IMO as much flow as you can get away given plant and fish selection with is ideal. low flow often causes waste to build up among plants, on bottom of tank, everywhere. in a 'fish tank' most of the tank is totally open so flow is mostly unimpeded and rarely results in dead spots. fish waste, dead plant matter, junk, etc is much more likely to be swept into the filter and handled appropriately.

in planted tanks (especially densely planted) this is not so much the case. no flow penetrating between plants means more and more stuff will settle in those hard to get areas. then it is up to you to vac it out. not fun. To me it is less about nutrient dispersion throughout the tank (you just need flow everywhere aka no dead spots... not a LOT of flow) and more about making sure the tank is manageable from a maintenance perspective.

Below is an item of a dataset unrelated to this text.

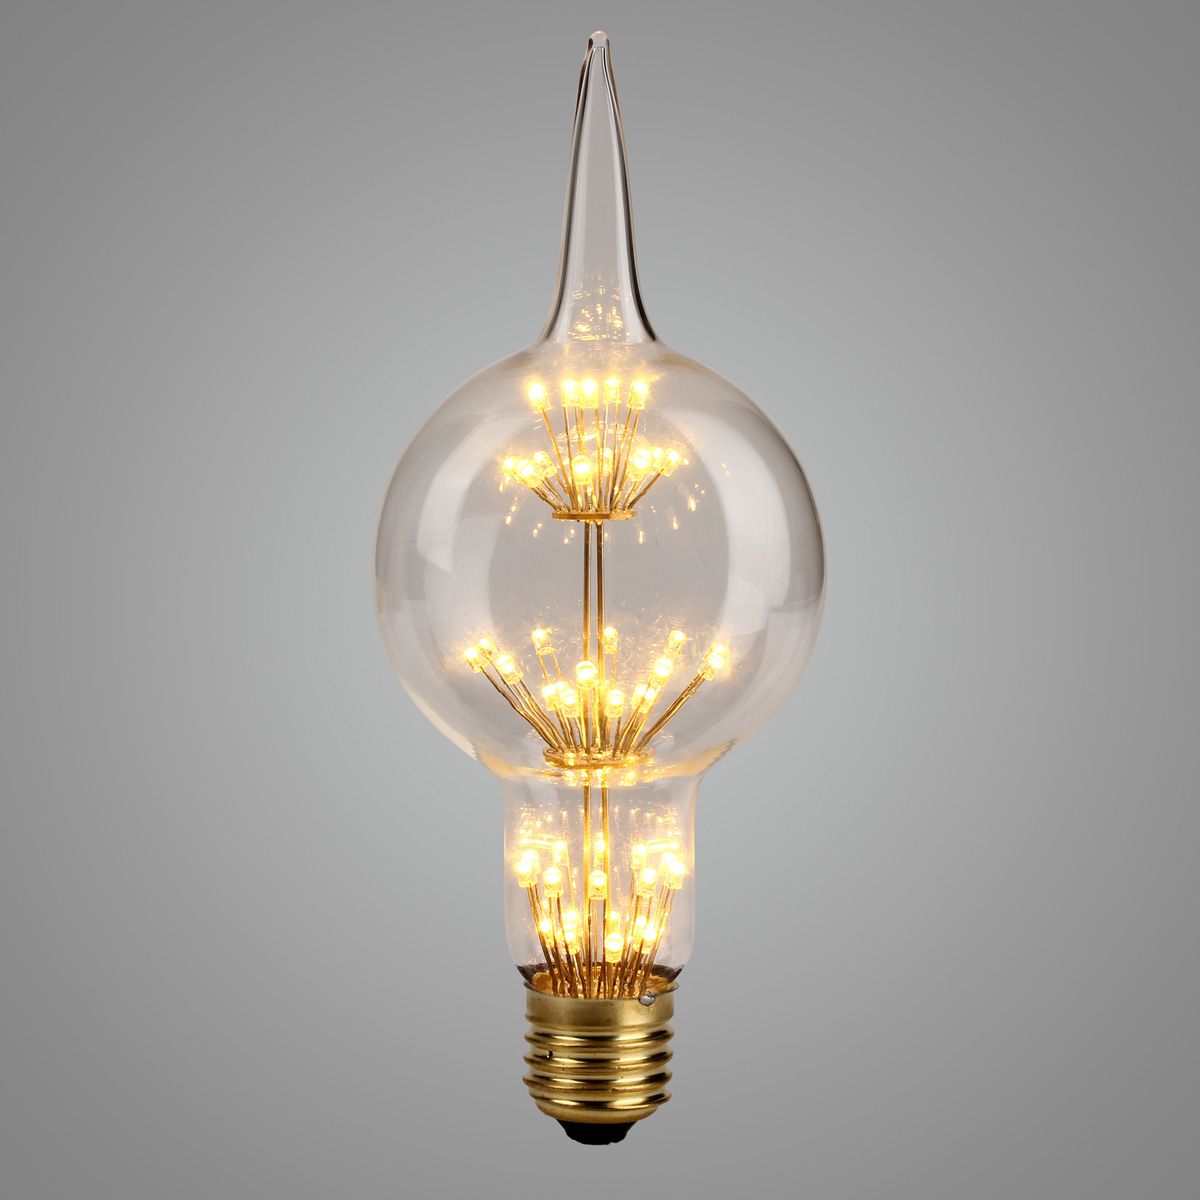 AC85-265V-E27-3W-Gourd-Style-Star-Warm-White-Edison-Incandescent-Light-Bulb-for-Home-Garden-1429356

getting flow right is HARD. if you have a scape with a ton of plants and hardscape you need to plan for how to make flow work for you. powerheads can often be too much for plants in certain areas but out-of-the-box flow from canister filters is often not enough for a tank. for example in my 75g i run 2x EHEIM 2217 canisters and at least one 250gph+ powerhead. without the powerhead I get a lot more waste buildup throughout the tank. with the powerhead my plants are visibly swaying near it but on the other tank you can't even tell. you CAN however see small particles moving around in ALL areas of the tank. which to me is a solid setup.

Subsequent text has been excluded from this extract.